'Tariff Man' takes aim at automakers

Macro 4 minutes to read

Michael McKenna

Head of Editorial Content, Saxo Bank

Summary:  President Trump is trying to halt the arrival of Central American migrants with a series of rising tariffs on Mexican imports. If the issue is not resolved before the June 10 deadline, it could weigh very heavily on US carmakers.


US president Donald Trump has expanded his “tariff man” mandate beyond China to Mexico, where he plans to apply a 5% tariff on all goods as of June 10 if authorities do not take concrete steps to halt the number of Central American migrants entering the US via Mexico.
In March of this year, over 100,000 asylum seekers reached the US’ southern border, with Foreign Affairs (a Council on Foreign Relations publication) claiming that most came from “El Salvador, Guatemala, or Honduras […] to escape gang violence, poverty, and lack of opportunity”.

According to CNN, the new tariffs could place major US corporate names in big trouble, as more than two-thirds of trade from Mexico consists of exchanges between US firms and their subsidiaries.

Today, Reuters reported that Mexico City is taking the threat seriously and has sent a high-level delegation to Washington to discuss the matter.

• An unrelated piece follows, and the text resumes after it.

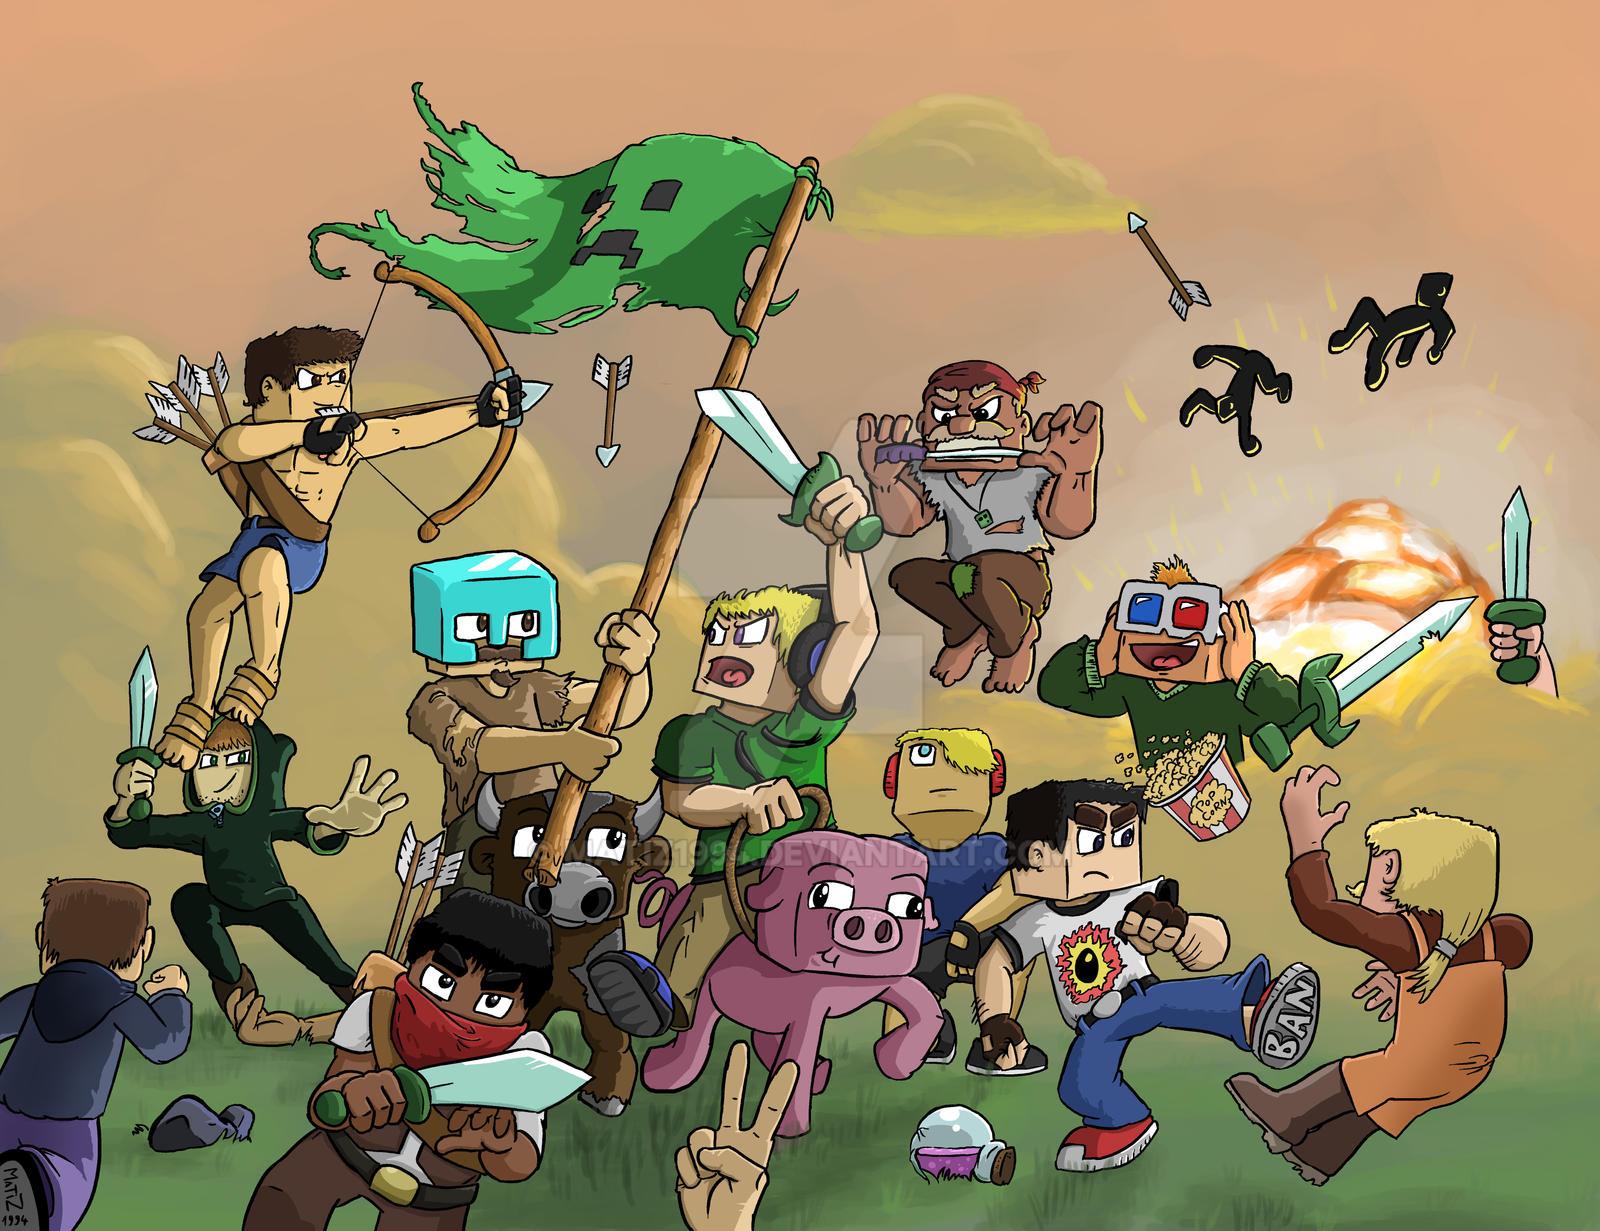 Skydoesminecraft Fan Art Tumblr Battle In Minecraft By Matiz Dlxn

Speaking to press Sunday, Acting US Chief of Staff Mick Mulvaney emphasised that “we intentionally left the declaration sort of ad hoc,” adding that “there’s no specific target, there’s no specific percent, but things have to get better. They have to get dramatically better”.

A crisis for carmakers

Although a vast array of goods from computers and personal electronics to agricultural produce and alcohol cross the US-Mexican border every day, the single largest sector placed in jeopardy by Trump’s tariff threats is automakers.
 
According to Deutsche Bank chief economist Torsten Slok, “US trade with Mexico is basically all about cars”. With Trump claiming that he is ready to escalate the 5% tariff to 25% if Washington is not satisfied with Mexico’s response, Deutsche’s latest report forecasted General Motors taking a $6.3 billion hit before interest and taxes. Fiat Chrysler would see a $4.8bn impact and Ford would take $3.3bn.

Among Japanese carmakers, Nissan would be the hardest hit as exports from Mexico to the US account for about 25% of the company's US sales.

Mexican-made vehicles account for about 15% of US light vehicle sales, states industry research group LMC Automotive.

Key charts to watch

USDMXN spiked from just above 19.00 to 19.82 on the initial announcement, while GM shares dropped from the 34.75 area to 33.20. Long-term support dating back to 2012 sits at around 31.85 for GM shares; this could be a key level to watch as negotiations continue.